Says Anne: “I do not believe that privileged white male intellectuals should be the arbiters of what poor immigrants of color should understand about low French satire.” Which might include Peter Carey?
Interestingly, what you’re saying echoes what Sophia Aram said on French TV.
tf;dr (too French, didn’t read): We Muslims don’t want patronizing outsiders to explain how to us what Charlie Hebdo really means and how we should be against it. We get the humor and most of us generally agree with its anti-racist, anti-right wing, anti-xenophobic, anti-clerical positions.
Dear Alison,
thank you very much for your decision to become a table host with the PEN awards. It is obviously fraught with a multitude of issues but standing up for those murdered cannot be wrong, whatever the issues.
One of the weirdest things that truly irks me is – with a lot of the English-speaking world – the complete ignorance towards the particularly FRENCH side of things. The cultural, economical and religious issues are so complex, vast and the position of “Charlie Hebdo” in everyday life so weird that a lot of people truly miss out on its function there.

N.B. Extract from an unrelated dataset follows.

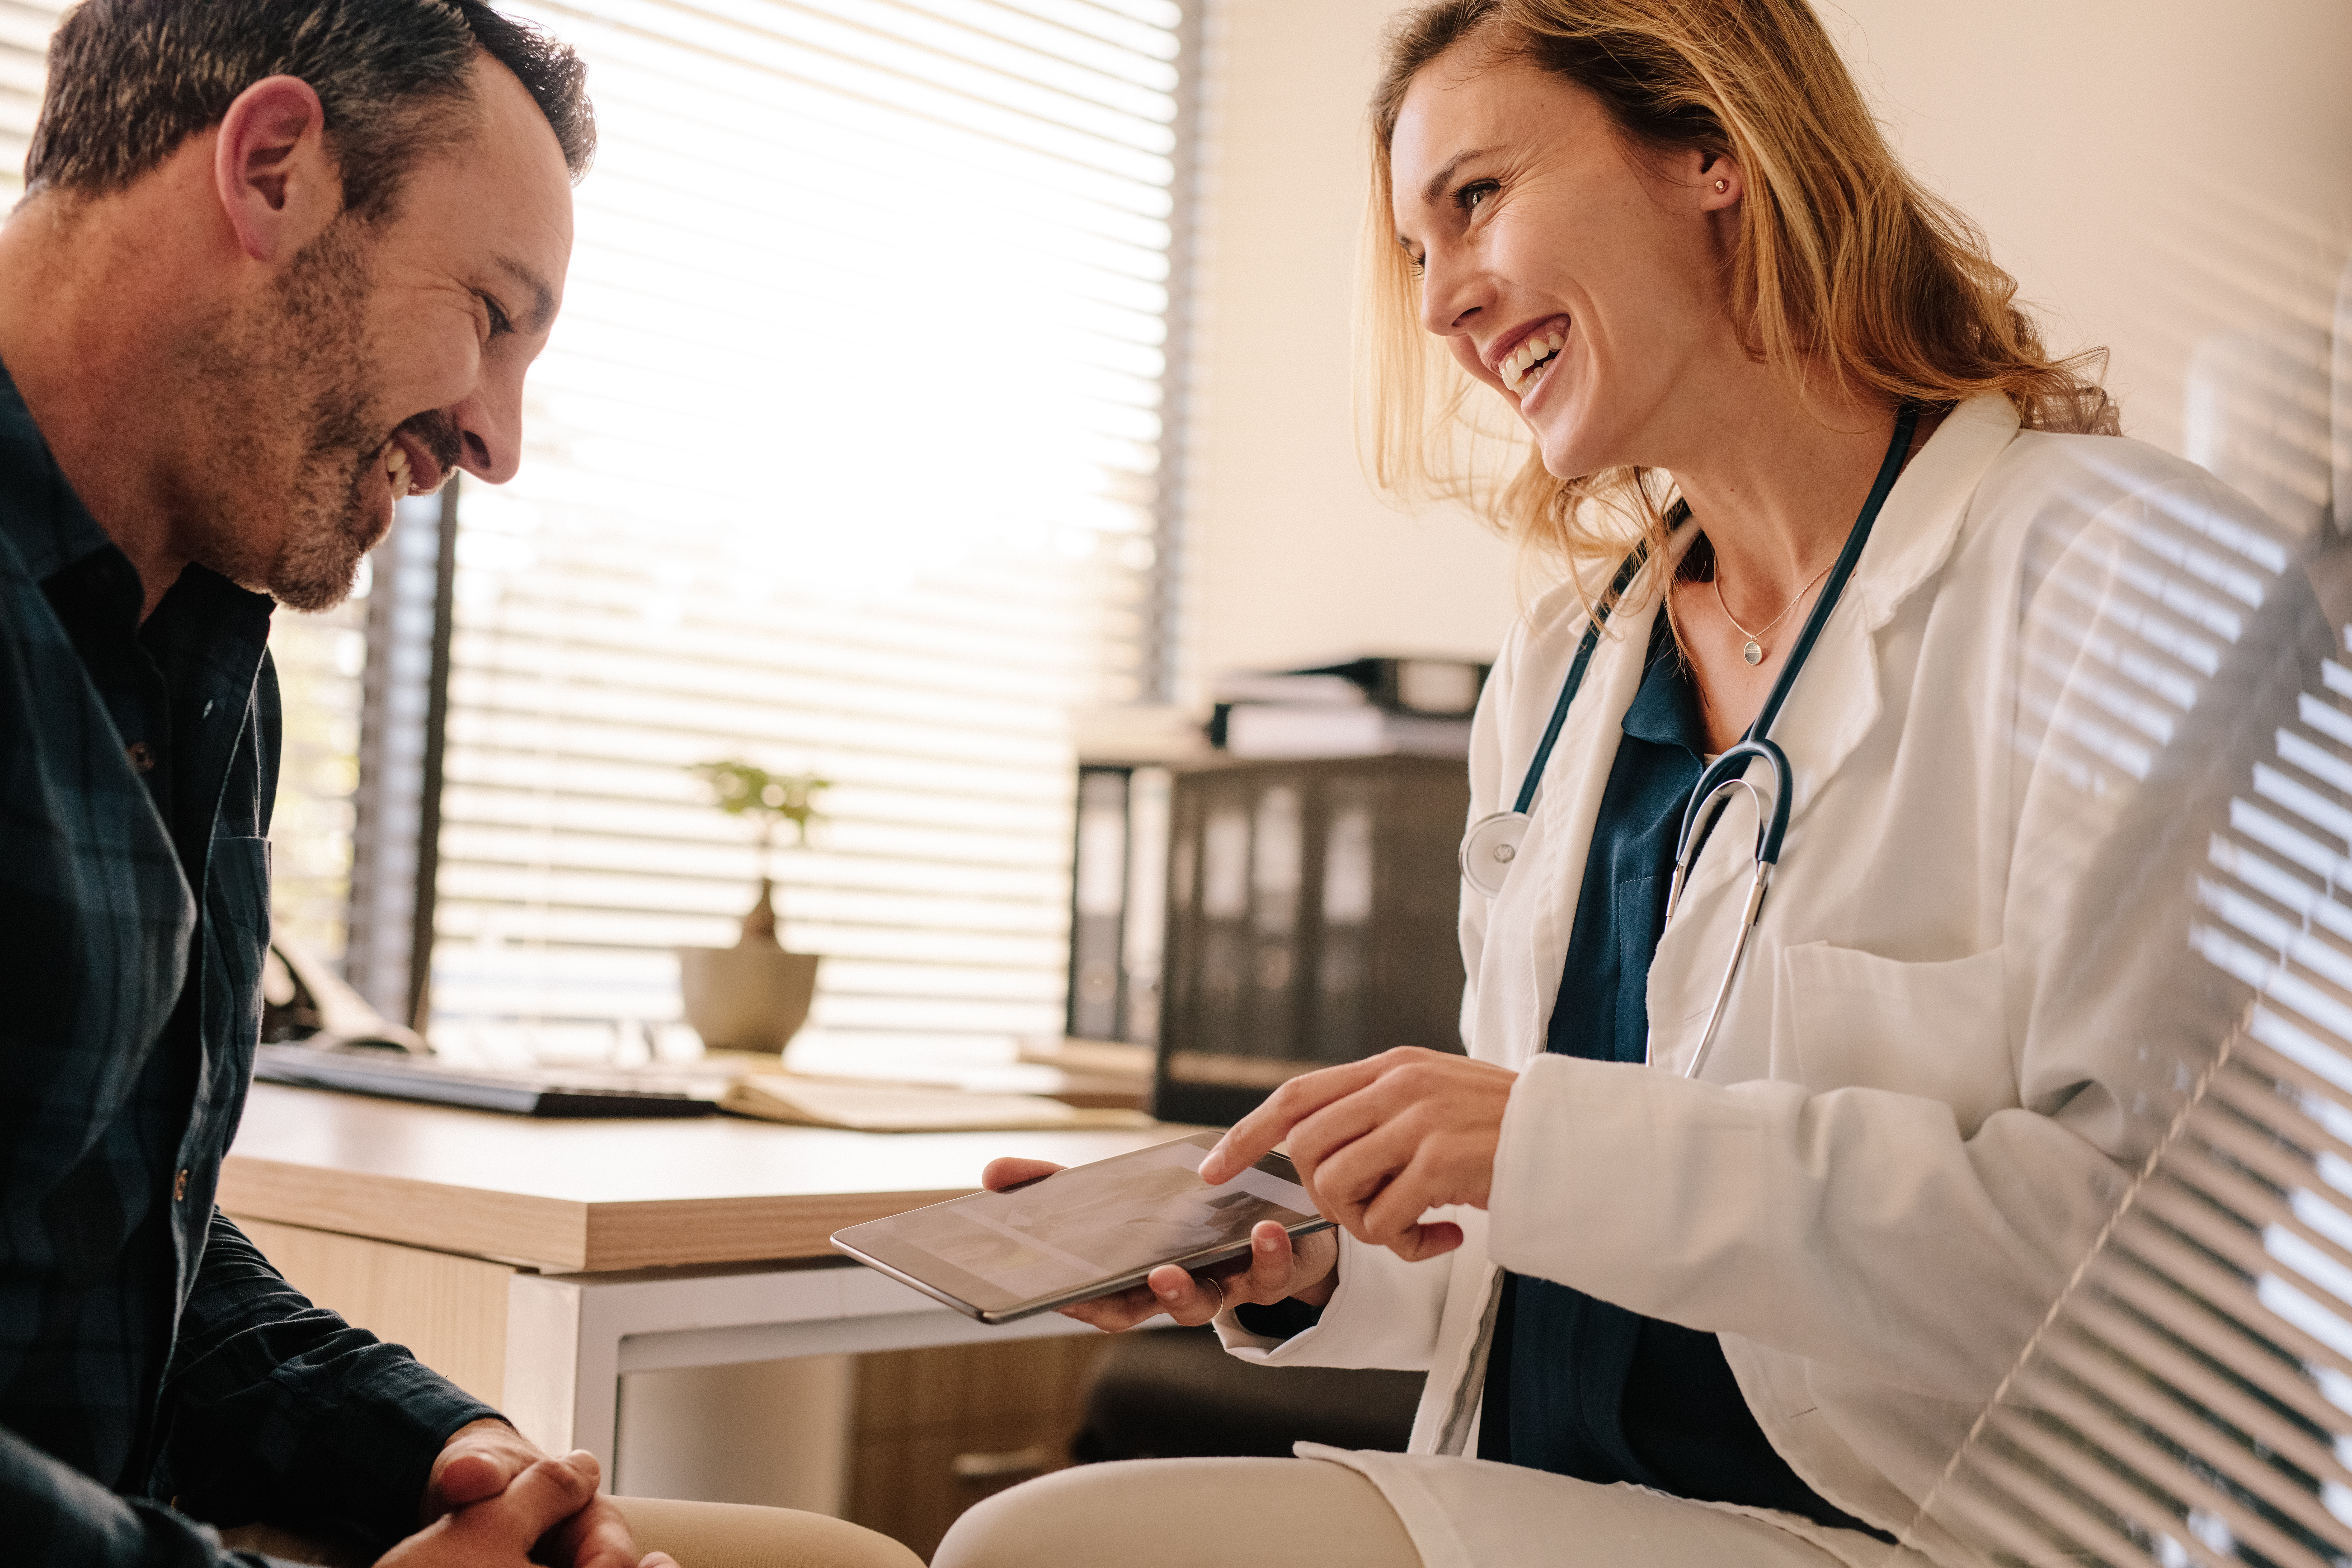 Empoderamento do paciente. Como sua clínica pode oferecer uma experiência digital - Doctoralia

CH makes fun of everything and everyone. No holds barred (and no, Islam is not the no.1 topic, this has been fully researched by Le Monde, amongst others). Crude, overly simplistic (if you don’t get it which can easily happen as you so rightly stated), provocative, insulting. Do I like it? No. Am I buying it on a regular basis? No. Will I ever? Probably not.
However, the history of satire, of cartoons, of this particular art in France (and to a certain extent, Belgium) will tell you why _this particular kind of publication_ is possible in France and only there.
Fighting all of the issues involved is important. But this award is about appreciation of freedom of speech, not quality or whatever supposed political correctness thinks it should make of it.
If giving your life fighting for said freedom isn’t worth an award – what else is?
Agin, thank you, Alison.
As an artist with a deep social conscience I think about these issues continuously. Thank you Alison for putting into words what I have been unable to articulate. Brilliant, as always.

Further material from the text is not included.